Parametric Bench designed by Ten students from Columbia University GSAPP
Innovative school project by Ten architecture students from Columbia University GSAPP have recently completed Polymorphic, a kinetic installation utilizing an innovative design and engineering solution inspired by the kinetic action of a see-saw and the reverberating motion of a slinky. The group consisted of Charlie Able, Alexis Burson, Ivy Chan, Jennifer Chang, Aaron Harris, Trevor Hollyn Taub, Brian Lee, Eliza Montgomery, Vernon Roether, and David Zhai.
The installation is comprised of a double-sided bench which transforms through a series of 119 unique and interconnected sections into a chaise lounge and finally an interactive balance board. These sections are connected via an inventive pivot and bolt system which allows the vertical movement of one section to be picked up by others down the line. Together, this motion allows the installation to transform from a series of leveled sections into an undulating form that becomes activated through interaction with its occupants.
While the overall form of the bench is realized as a continuous landscape, each seating condition was designed according to existing ergonomic profiles in order to maximize comfort and functionality. This is further realized by allowing the tolerance of its motion to conform to the postures of the occupants using simply their weight as a point of activation for the movement of the sections. A series of internal notches linked together by elastic bands and reinforced by couplings located on the central pivot rods prevent lateral movement and ensures safety during motion.

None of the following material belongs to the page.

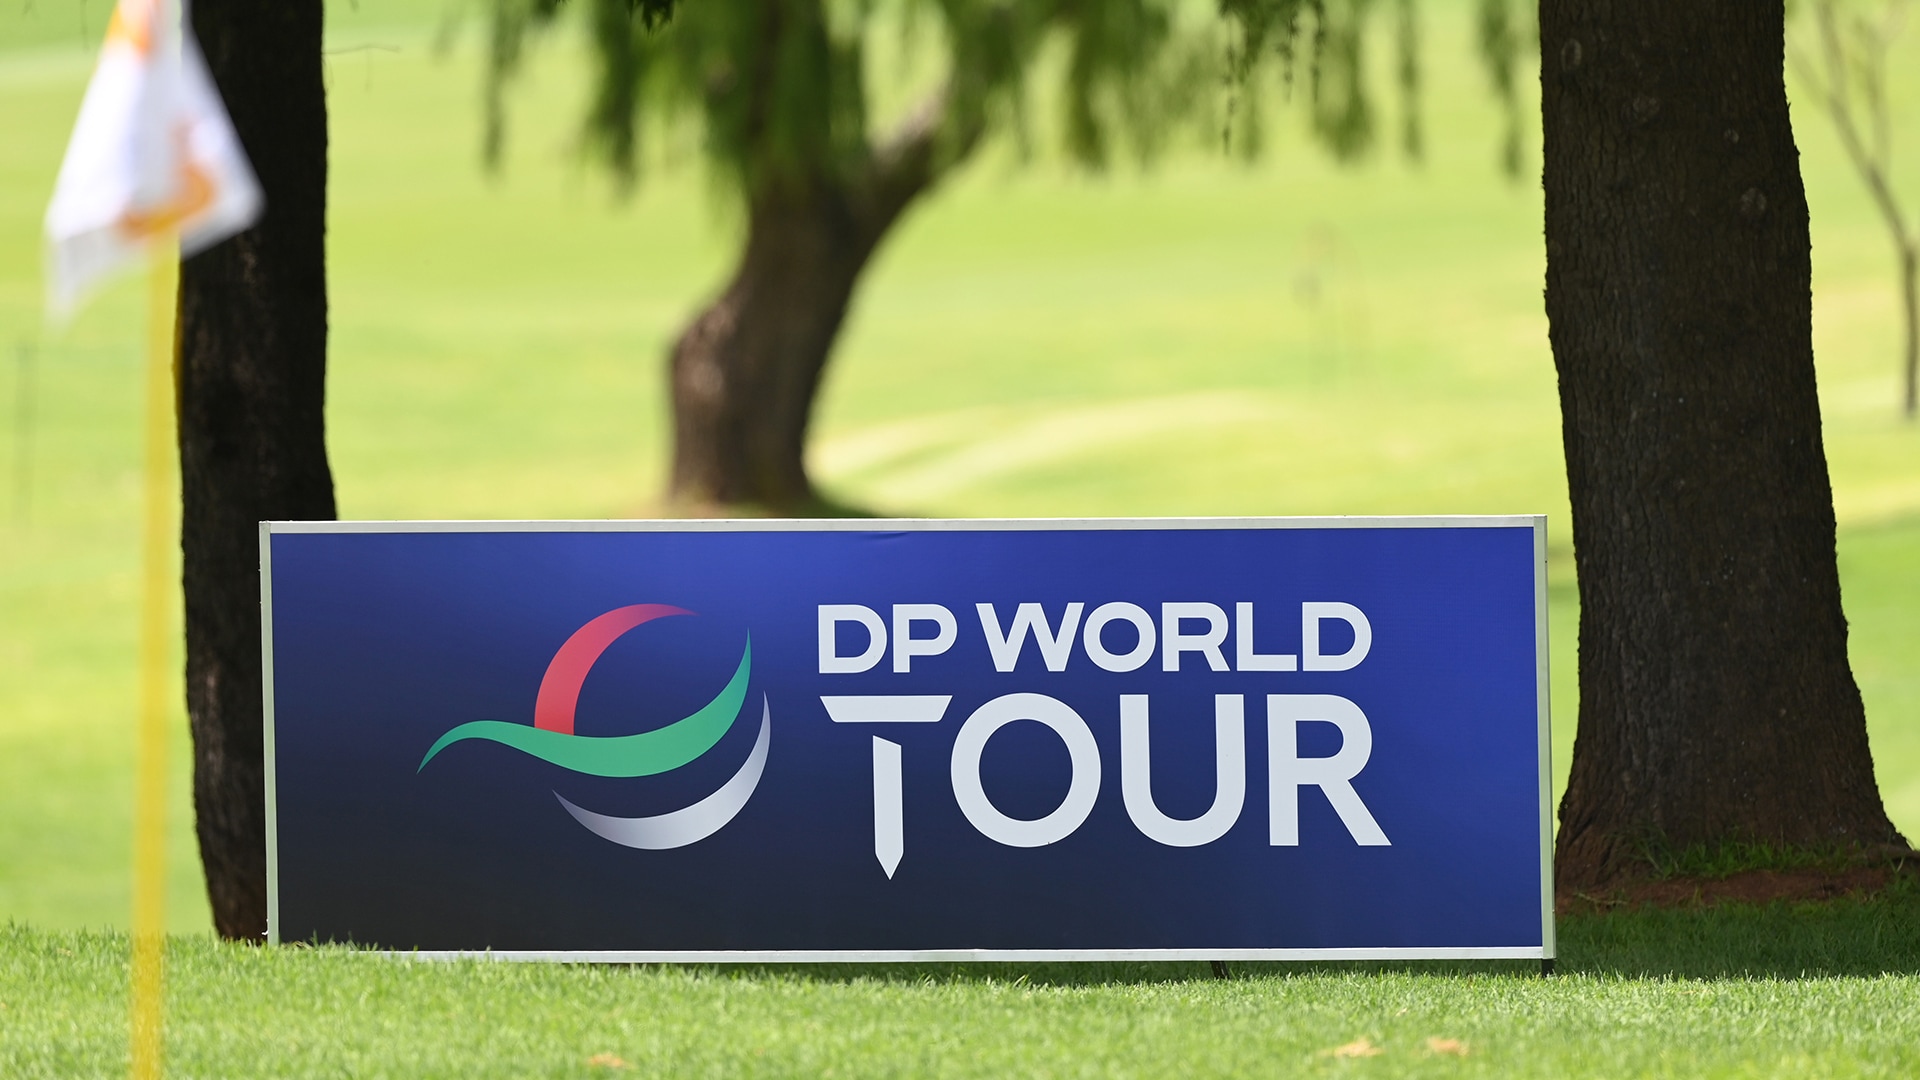 Top Japan Tour players to earn DP World Tour cards as part of new agreement

The design of Polymorphic was inherently sustainable, due to the financial constraint of a one thousand dollar budget. The design was broken down into small and linear pieces that maximized the quantity fit on a sheet of plywood. In total, the entire installation only used 18 sheets of plywood, which were utilized at over 90% efficiency.
At its core, the design of the installation is not only an inventive solution to a design idea, but also a test of the limits and capabilities of digital fabrication and its role in advancing architectural and industrial design practices. While the installation had a designated scale and dimension, the developed system has the ability to grow much larger and wider depending on the availability of resources and materials. The form of the design can likewise be readily adjusted to suit the conditions and contextual requirements of various spaces and environments. The scalability of the joint system and design together creates a truly parametric system in which its use is not only for aesthetics, but for construction, functionality, and comfort as well.